What the task requires. Every line below needs to be printed again exactly, without any of its pictures.

The data.
• • • •

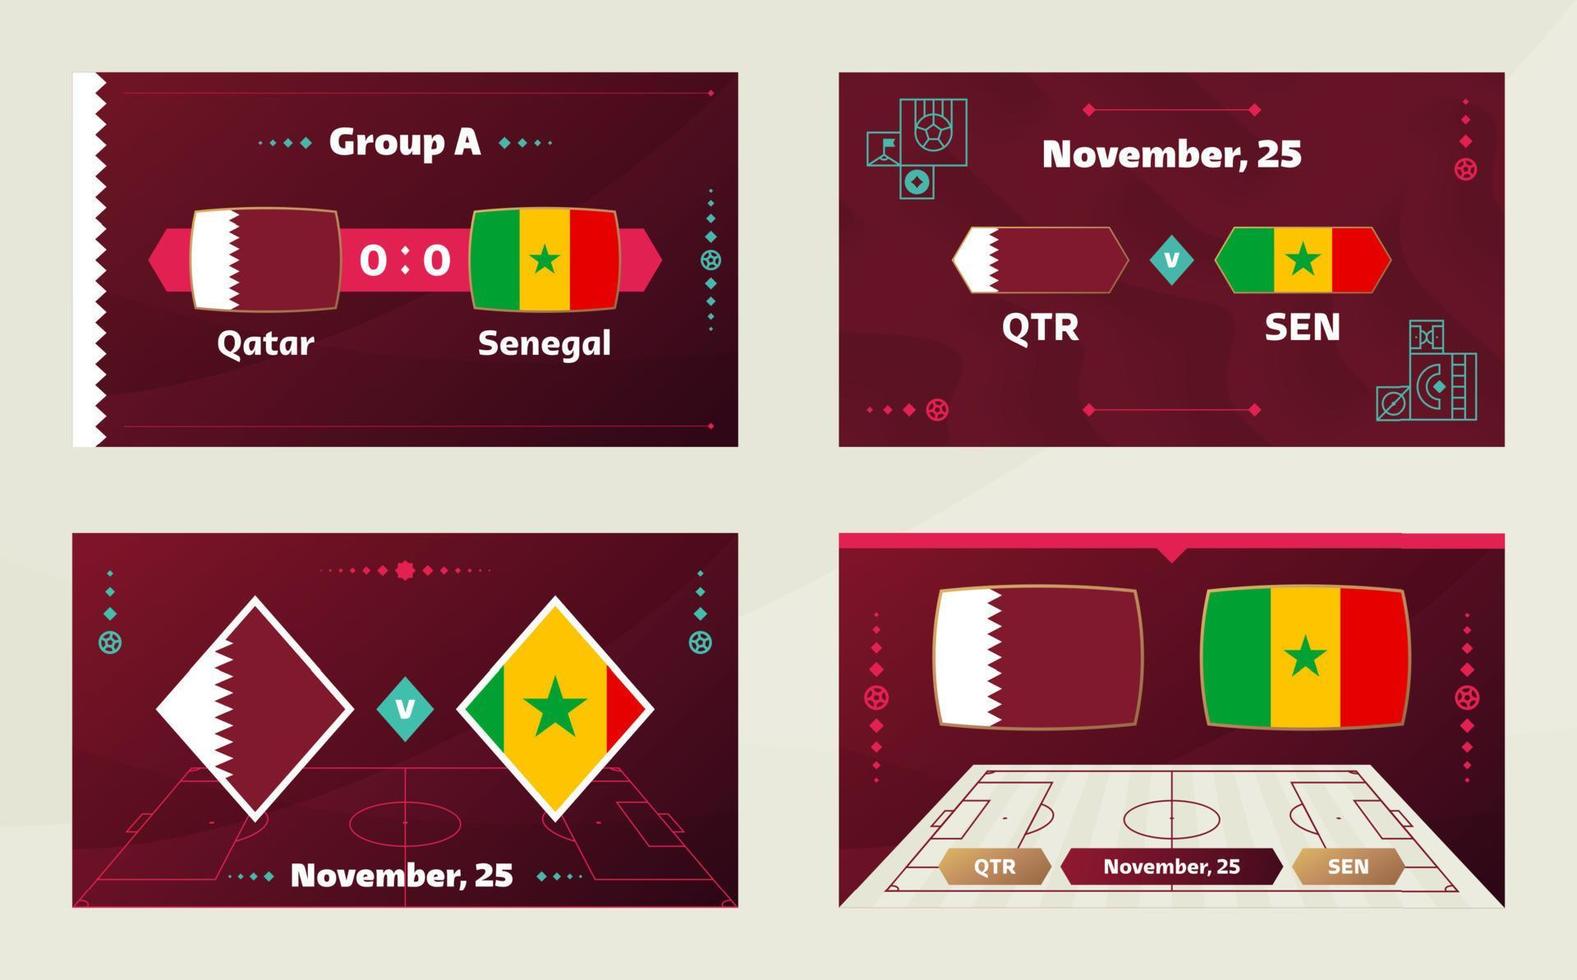 qatar vs senegal, fútbol 2022, grupo a. partido de campeonato mundial de fútbol versus antecedentes deportivos de introducción de equipos, afiche final de la competencia de campeonato, ilustración vectorial. vector
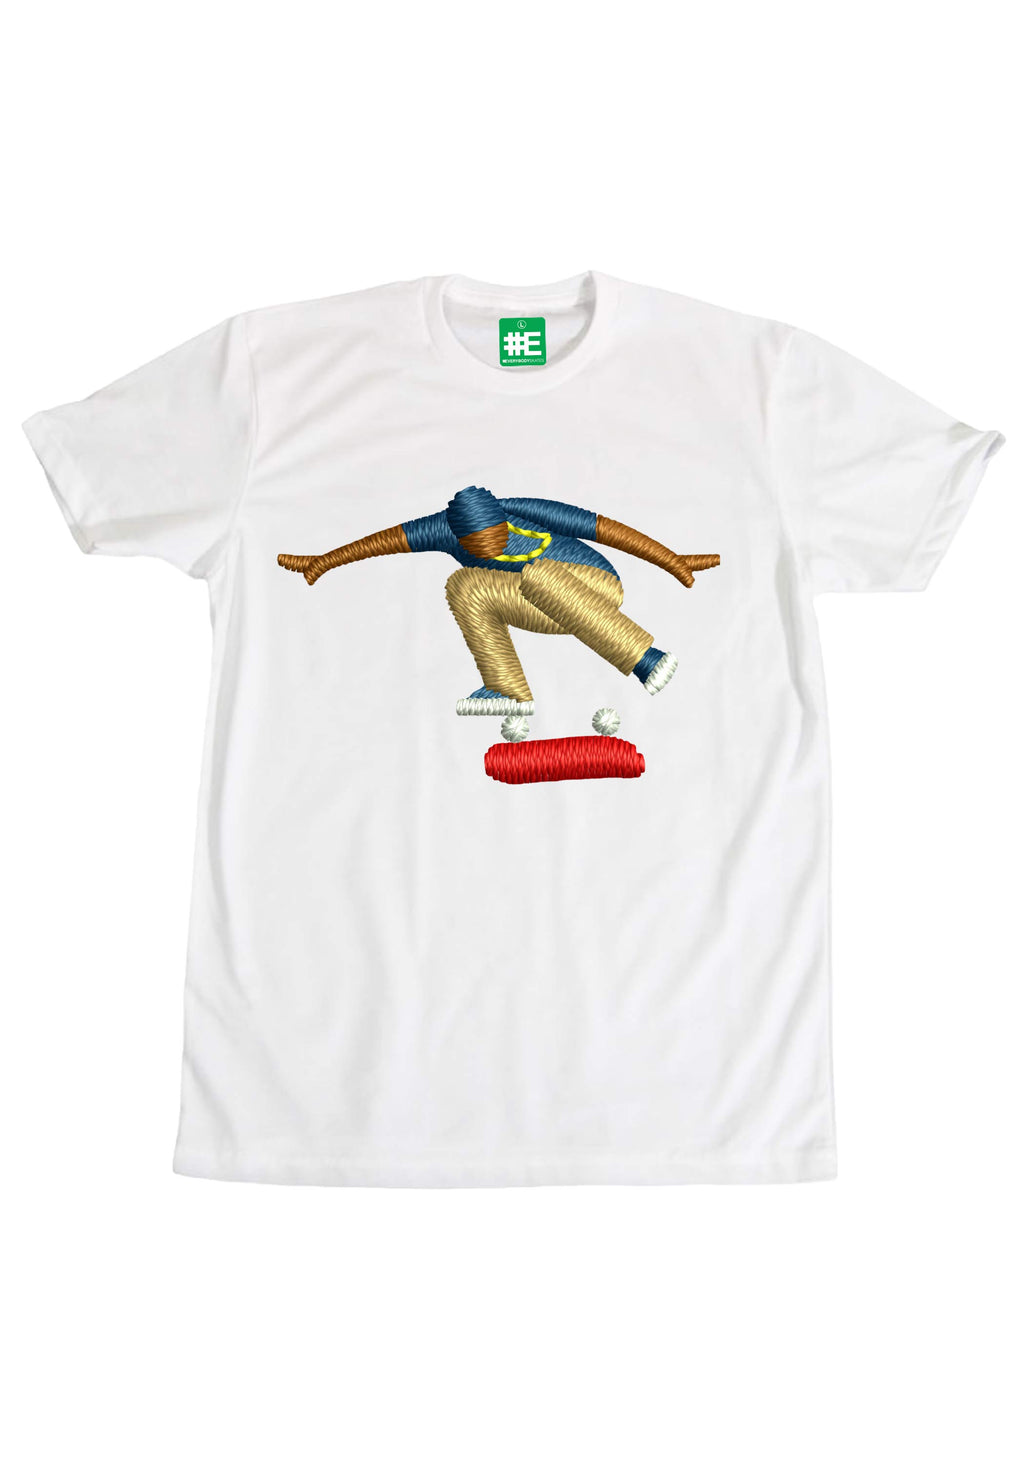 Kickflip Graphic T-shirt
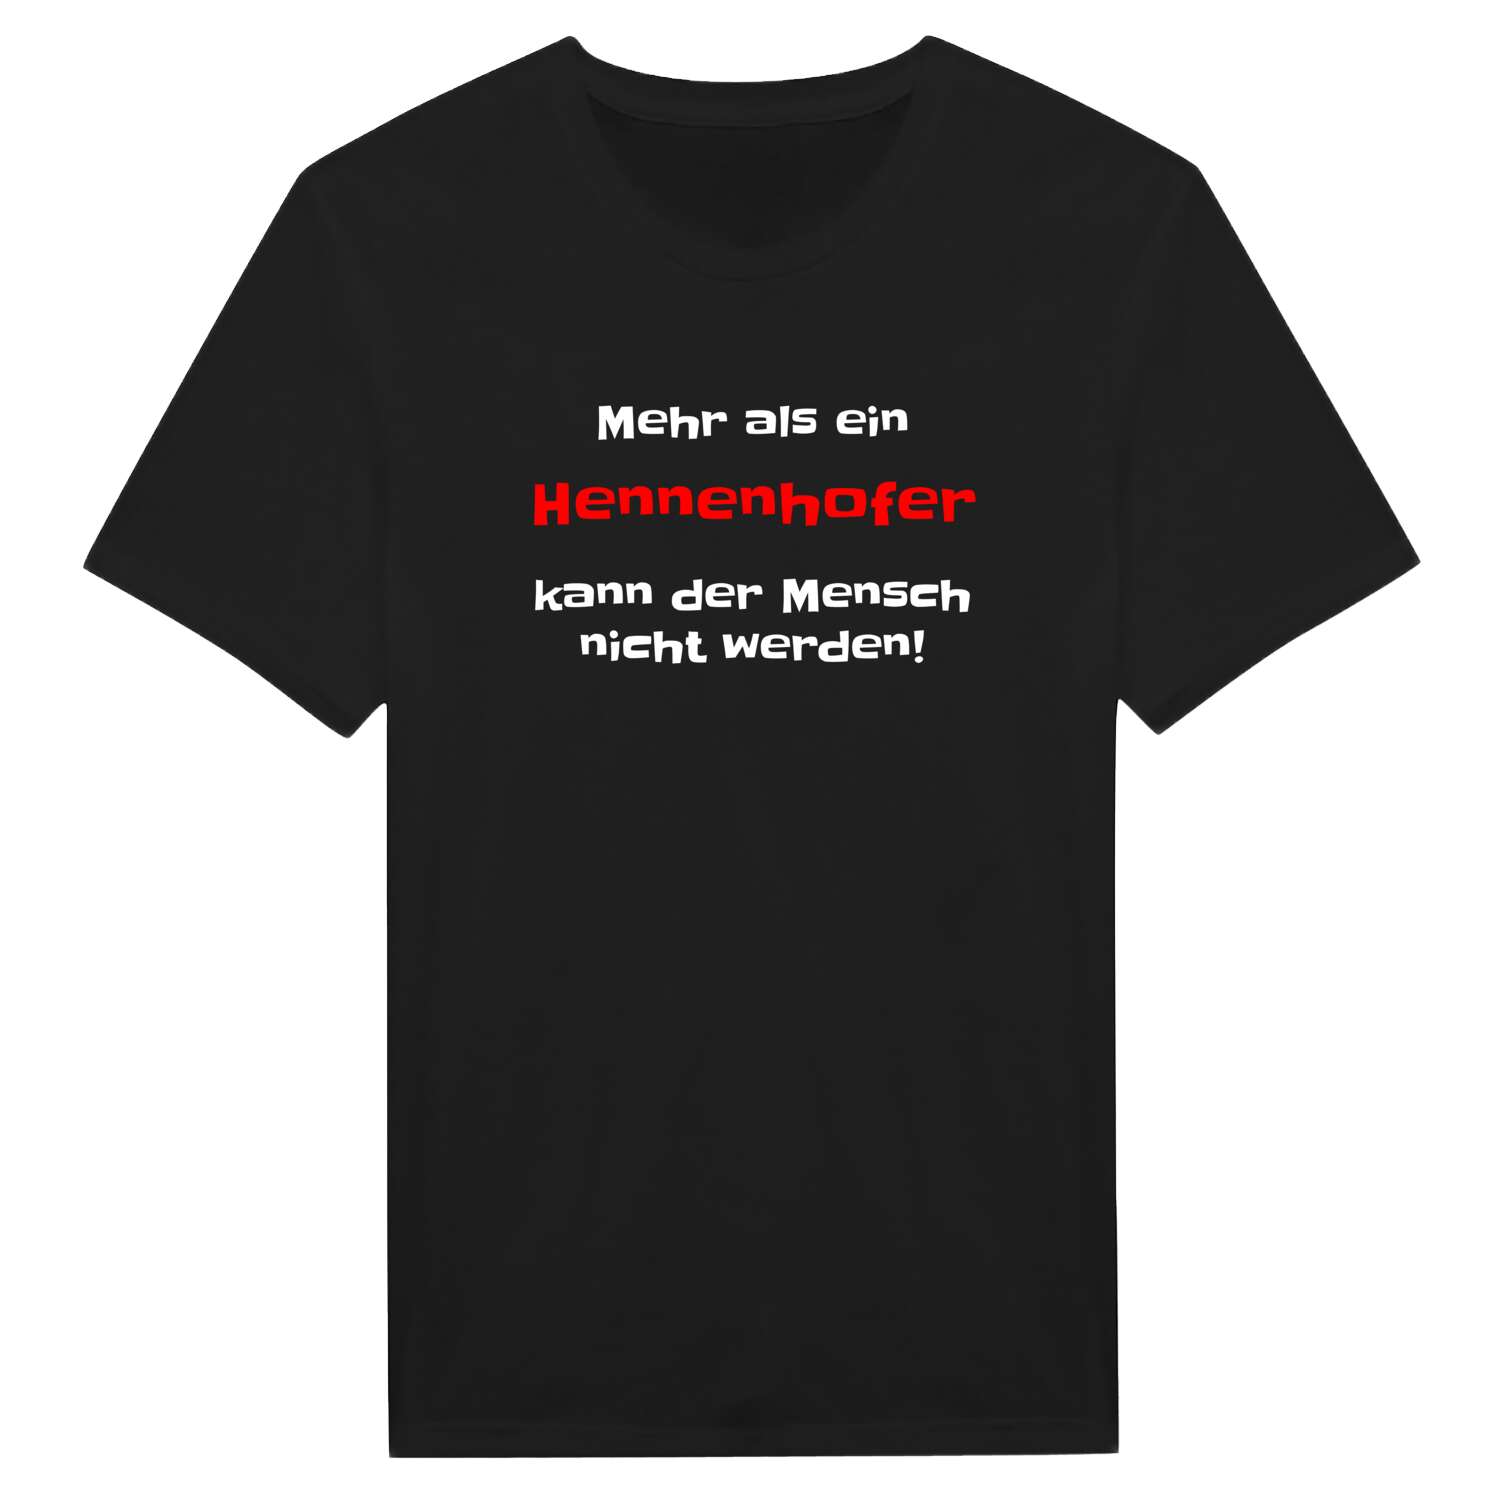 Hennenhof T-Shirt »Mehr als ein«

• • • •

Output.
 qatar vs senegal, fútbol 2022, grupo a. partido de campeonato mundial de fútbol versus antecedentes deportivos de introducción de equipos, afiche final de la competencia de campeonato, ilustración vectorial. vector
 Kickflip Graphic T-shirt
 Hennenhof T-Shirt »Mehr als ein«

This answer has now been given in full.